DATA SHOWN >>
◇ ◇ ◇ ◇ ◇
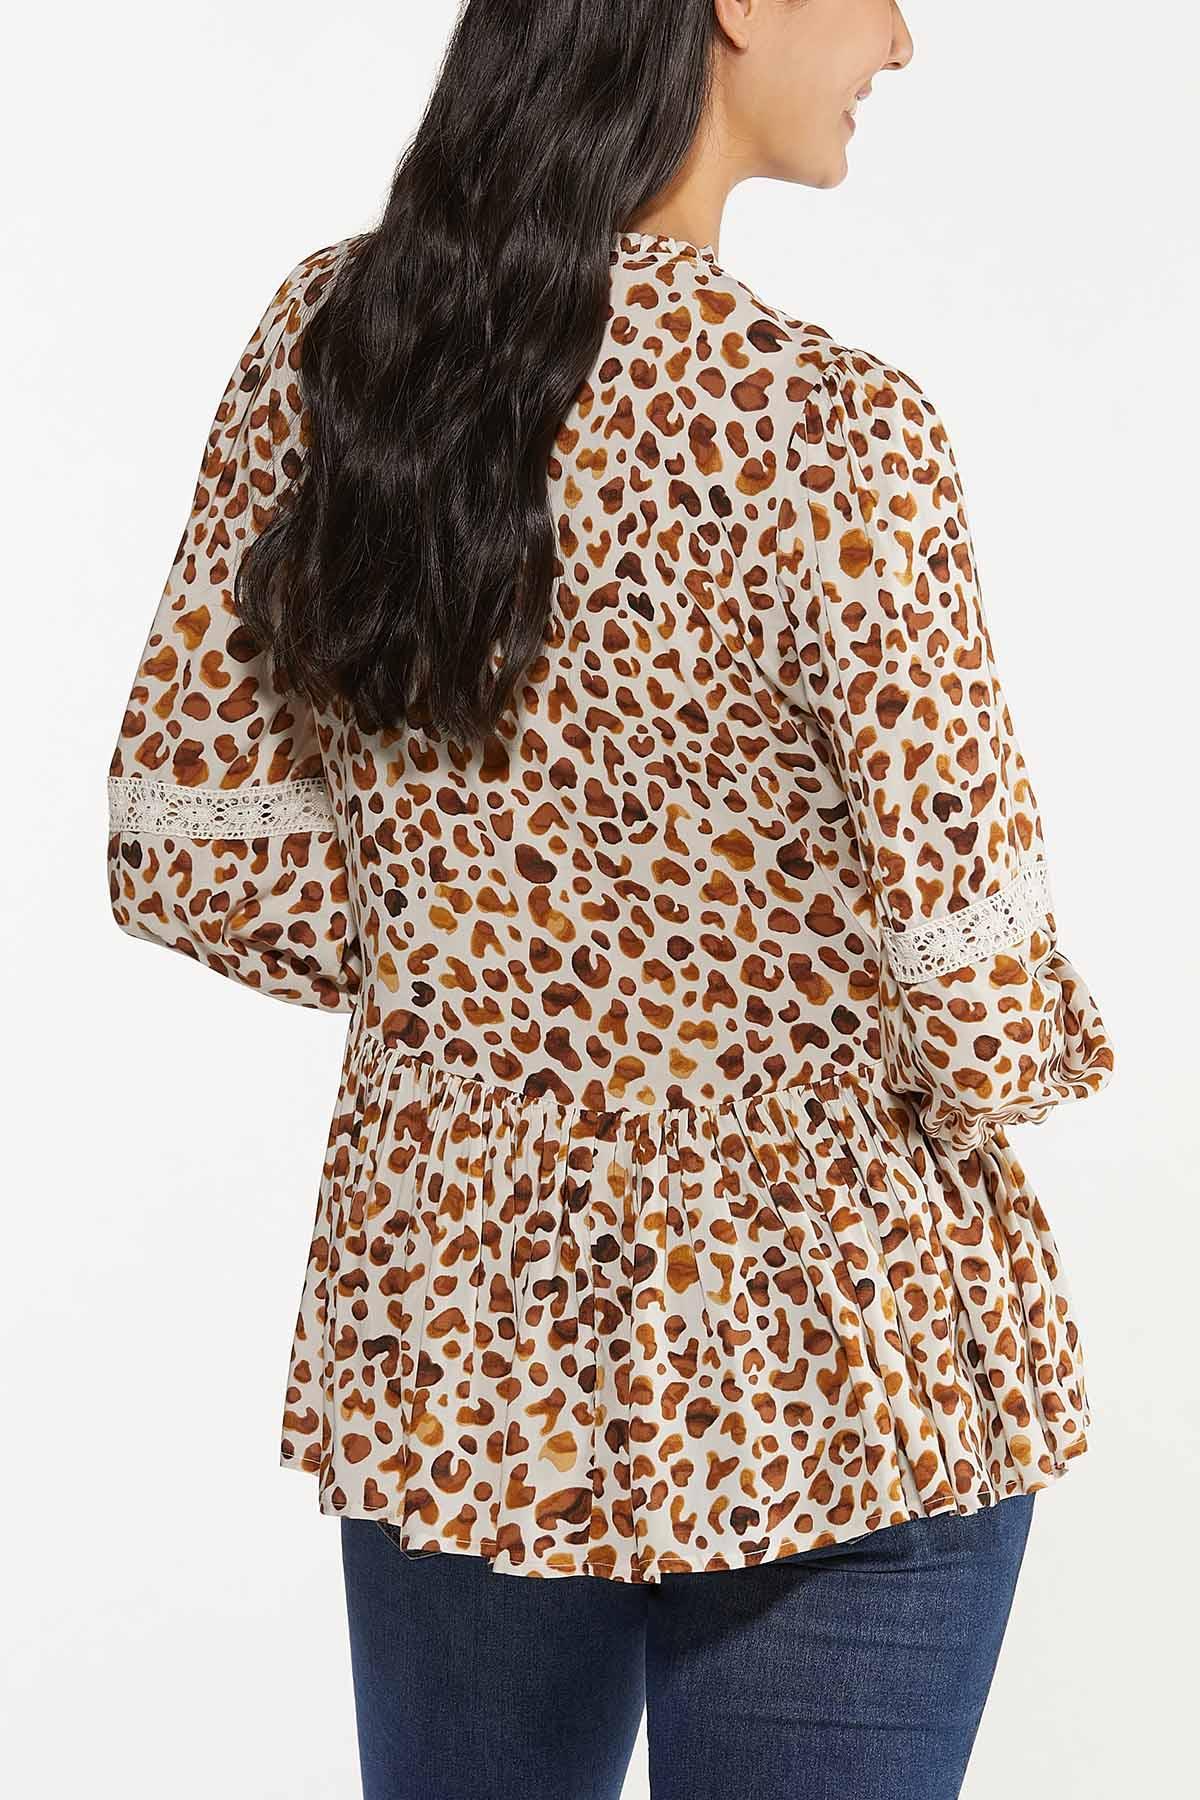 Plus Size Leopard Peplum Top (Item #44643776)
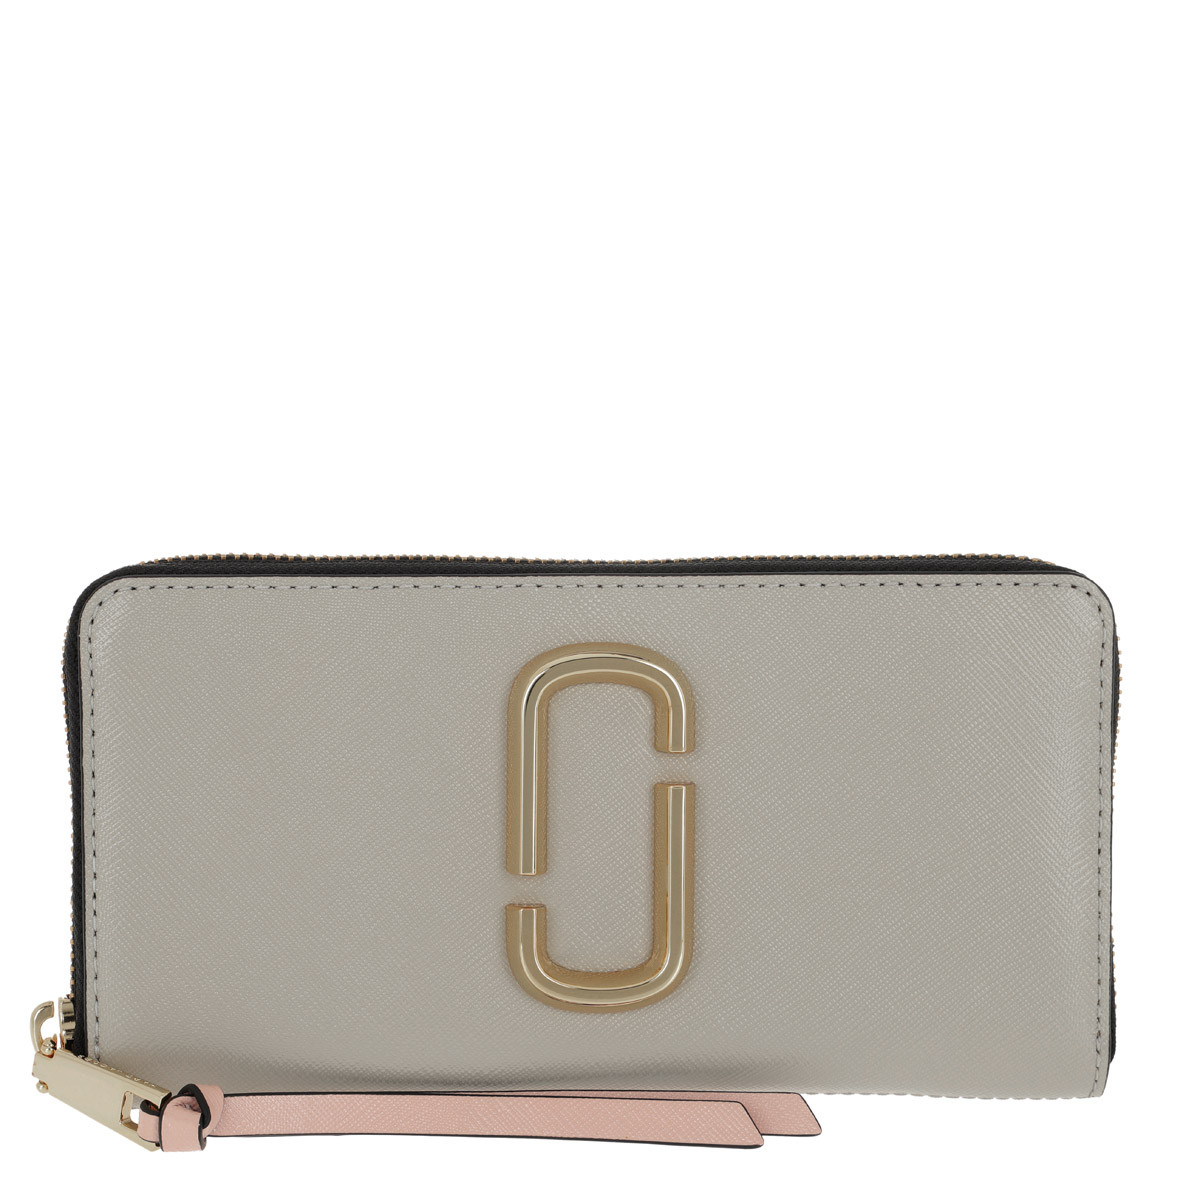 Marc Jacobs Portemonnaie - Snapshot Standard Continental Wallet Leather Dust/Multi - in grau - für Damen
◇ ◇ ◇ ◇ ◇
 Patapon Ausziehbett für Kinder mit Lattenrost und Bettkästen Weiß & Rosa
◇ ◇ ◇ ◇ ◇
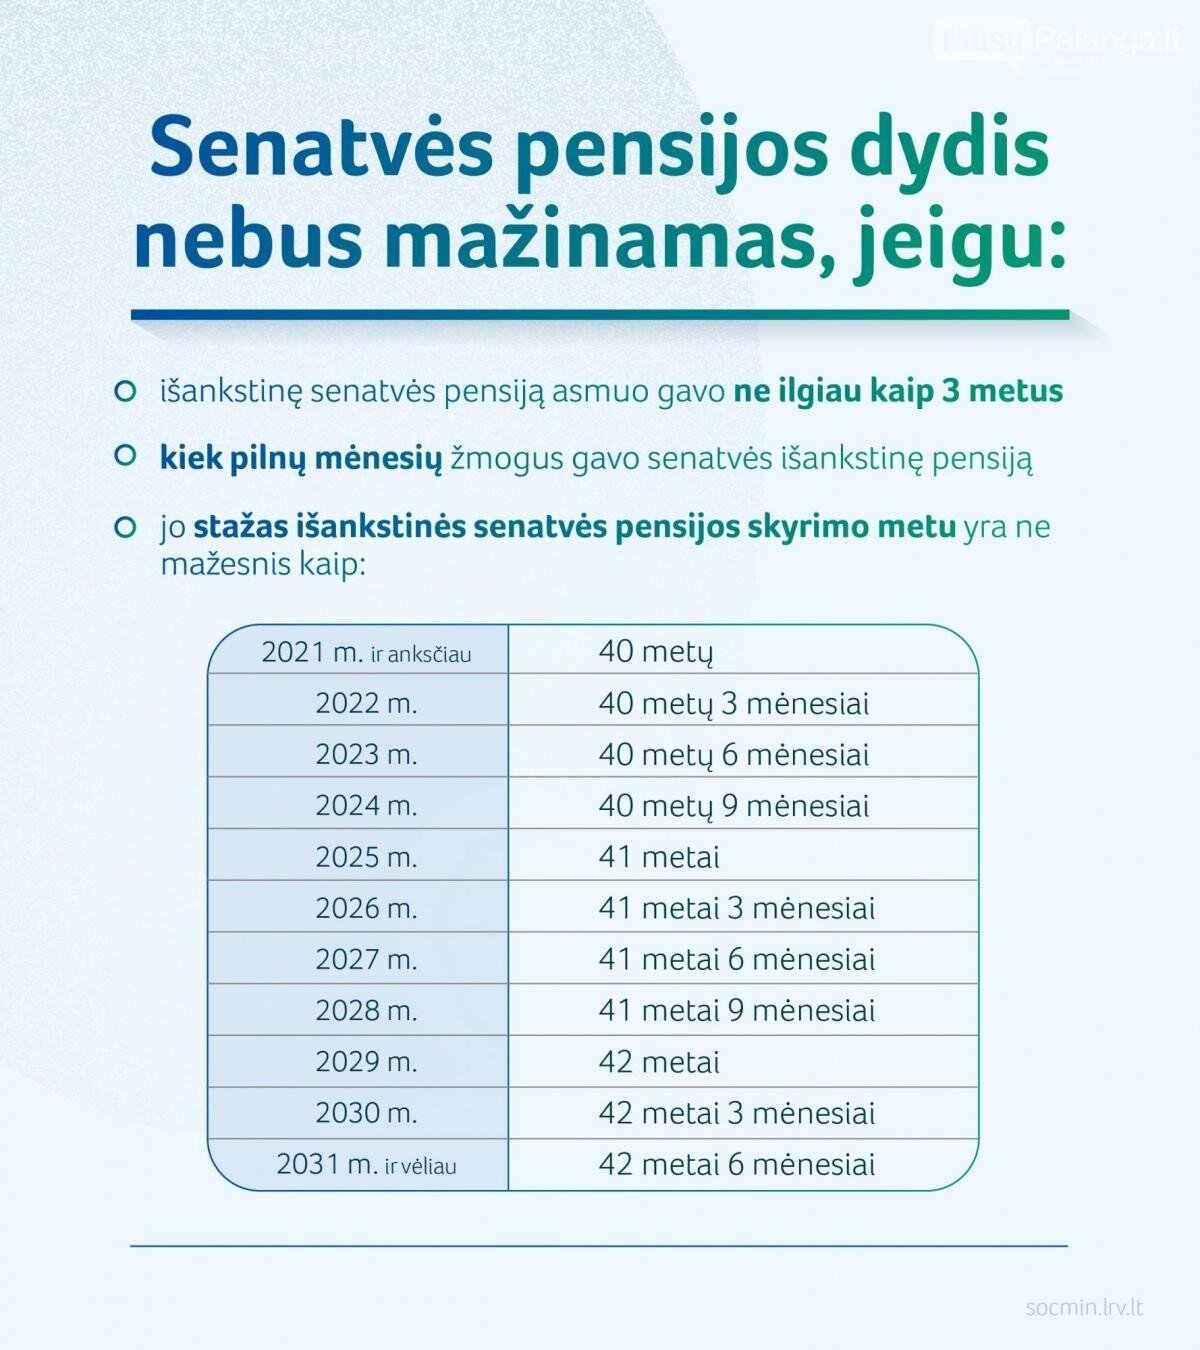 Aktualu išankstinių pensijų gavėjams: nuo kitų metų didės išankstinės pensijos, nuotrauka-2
◇ ◇ ◇ ◇ ◇
YOUR GOAL >> Up in the listing, locate the line with "Plus Size Leopard"; print it and every line after it down to the line with "Marc Jacobs Portemonnaie", which is included too. Skip the pictures.

FINAL ANSWER >>
 Plus Size Leopard Peplum Top (Item #44643776)
 Marc Jacobs Portemonnaie - Snapshot Standard Continental Wallet Leather Dust/Multi - in grau - für Damen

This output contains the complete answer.